# smileys



## morkdach (May 30, 2010)

what happened to the smileys on replies


----------



## flash (May 30, 2010)

What, you mean they are gone??!! 
	

	
	
		
		



		
		
	


	





Sending out the search party.


----------



## ak1 (May 30, 2010)

I have them


----------



## abigail4476 (May 30, 2010)

The smileys seem to work okay in Internet Explorer 8, Google Chrome & Firefox.  However, there is a problem with smileys in Internet Explorer 7.  If you upgrade to IE8, or switch to Chrome or Firefox it should work fine.  Also, check to make sure you don't have popups blocked for SMF, since the smileys pop up on top of the main page for selection.


----------



## rbranstner (May 30, 2010)

I noticed that it works fine on my Firefox but I can only see the first three rows on my internet explorer 7.


----------



## morkdach (May 30, 2010)

Abigail4476 said:


> The smileys seem to work okay in Internet Explorer 8, Google Chrome & Firefox.  However, there is a problem with smileys in Internet Explorer 7.  If you upgrade to IE8, or switch to Chrome or Firefox it should work fine.  Also, check to make sure you don't have popups blocked for SMF, since the smileys pop up on top of the main page for selection.


I run IE7 all worked fine but today I have none no insert pics the only things on the top bar are
source normal size thats it.

popup blocker is off


----------



## bayouchilehead (May 30, 2010)

I concur with rbranstner in that I only see the first three rows in IE7 and noway to scroll to the rest of them. Works fine in FireFox.


----------



## abigail4476 (May 30, 2010)

BayouChilehead said:


> I concur with rbranstner in that I only see the first three rows in IE7 and noway to scroll to the rest of them. Works fine in FireFox.





rbranstner said:


> I noticed that it works fine on my Firefox but I can only see the first three rows on my internet explorer 7.
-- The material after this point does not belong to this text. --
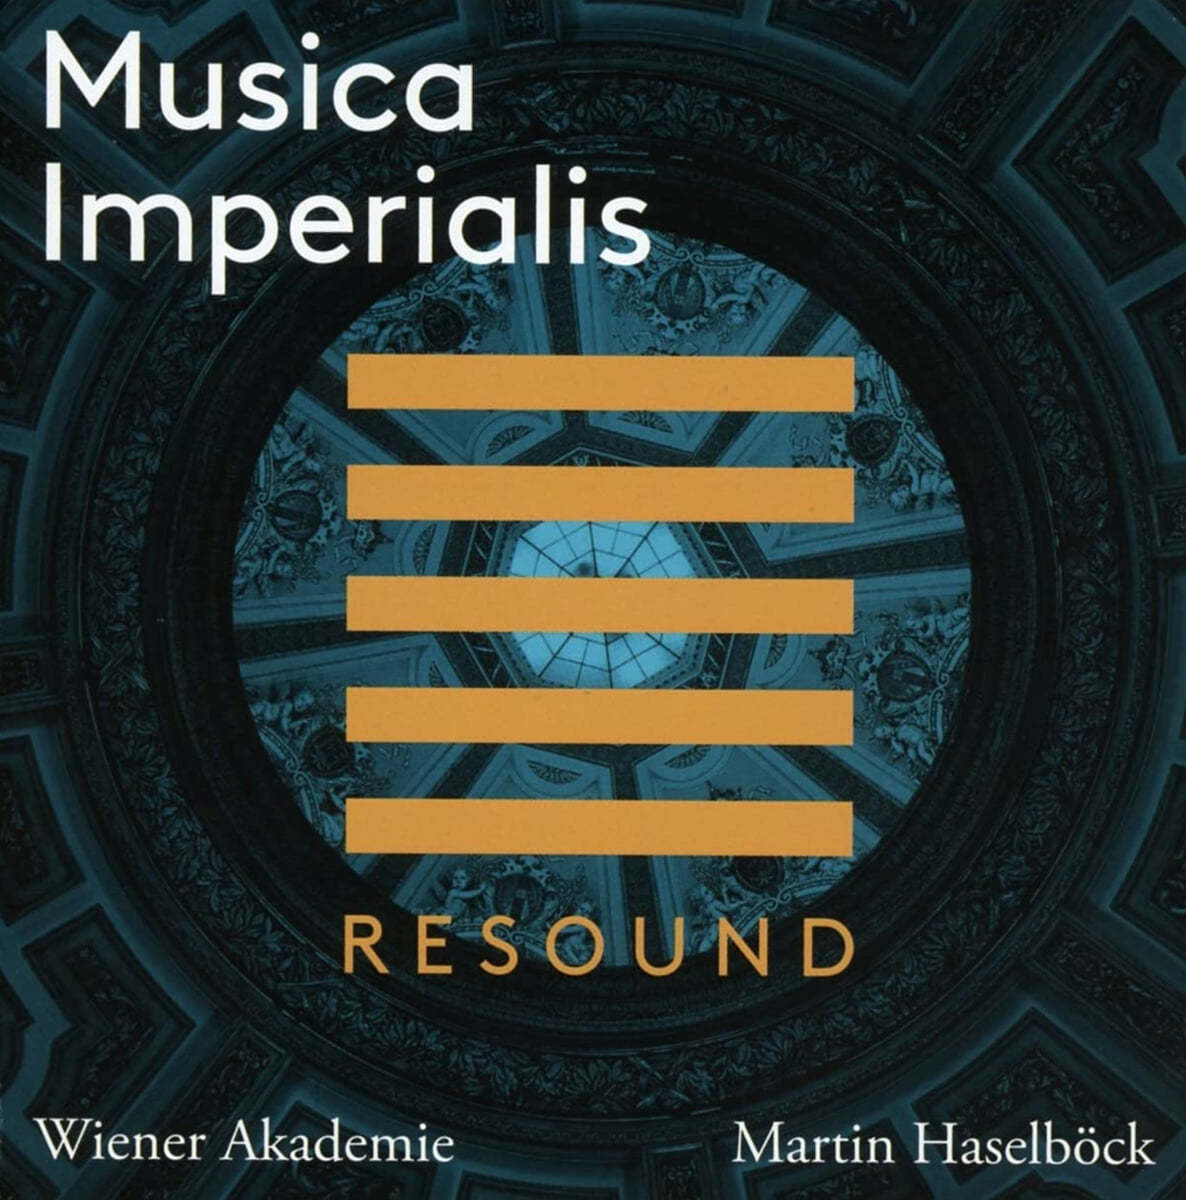 Wiener Akademie / Martin Haselbock 무지카 임페리알리스 (Musica Imperialis)

Yes, there is definitely a problem with IE7 and the smileys.  Huddler is aware of this and is working to repair the issue.  Sorry for the inconvenience!  It's hard to post without emoticons!!!  I'm a smiley addict, so I understand the PAIN!!!  
	

	
	
		
		



		
		
	


	





 


morkdach said:


> I run IE7 all worked fine but today I have none no insert pics the only things on the top bar are
> source normal size thats it.
> 
> popup blocker is off


Hmmmmm....that's really odd (and you're not the only one with this problem).  
	

	
	
		
		



		
		
	


	





   Try "Advanced Reply" at the bottom left of the thread, and see if that brings back your buttons--however, you should have all your buttons in the regular Reply box, too.


----------



## morkdach (May 31, 2010)

advanced reply does not work either you can not copy and past no emoticons no nothing on IE7 IE8 does work


----------



## abigail4476 (May 31, 2010)

Okay...so you're saying that it's working fine in IE8?  Buttons and emoticons?  

The IE7 issue is a known issue, and hopefully will be addressed ASAP.  
 


morkdach said:


> advanced reply does not work either you can not copy and past no emoticons no nothing on IE7 IE8 does work


----------



## rdknb (May 31, 2010)

works on my foxfire


----------



## Bearcarver (May 31, 2010)

Works real good on my iMac 27.
	

	
	
		
		



		
		
	


	





















Bearcarver


----------



## morkdach (May 31, 2010)

yes IE8 seems to working fine i am using it on one system & still using IE7 on another 7 does not work at all 8 is much better
	

	
	
		
		



		
		
	


	








 


Abigail4476 said:


> Okay...so you're saying that it's working fine in IE8?  Buttons and emoticons?
> 
> The IE7 issue is a known issue, and hopefully will be addressed ASAP.


----------



## mballi3011 (May 31, 2010)

I have explorer #7 and I have the smiley's and they are working fine to me.







    
	

	
	
		
		



		
		
	


	









     and we all are having fun here too.


----------



## daddyzaring (Jul 8, 2010)

I hadn't said anything because I don't use smileys alot, but I use IE8 and I am having the same problem.  I only see the 1st 3 rows.  Is there some kind of setting somewhere that can be changed to fix this?


----------



## pineywoods (Jul 8, 2010)

daddyzaring said:


> I hadn't said anything because I don't use smileys alot, but I use IE8 and I am having the same problem.  I only see the 1st 3 rows.  Is there some kind of setting somewhere that can be changed to fix this?


 I use IE8 and they show up fine for me so I'm not sure whats up with yours hopefully somebody else has an idea


----------



## nwdave (Jul 8, 2010)

Maybe it has to do with screen magnification.  I have IE8 running and set for 125% magnification.  That way I don't have to wear my 1.75 magnification reading glasses to see the screen. Then I only see 6 rows of smileys.  If I change it to 75%, besides dragging out the magnifier glass, I can see all the rows (there's 9 and 5/8ths rows, or so).  BTW, it's not intended that this observation is intended to draw away from the problem, just an observation.


----------



## daddyzaring (Jul 9, 2010)

I think it has something to do with the type of window.  The window I get looks like something from the forum, normally it looks like a smaller version of the IE browser window.


----------



## daddyzaring (Jul 9, 2010)

I though maybe it was my pop-up blocker that was causing the problem,  so I added SMF to the accepted sites, not to block, and now when I click on the smiley icon the whole page goes hazey, and what I can see looks downgraded kind of like copying a web page to notepad or something.


----------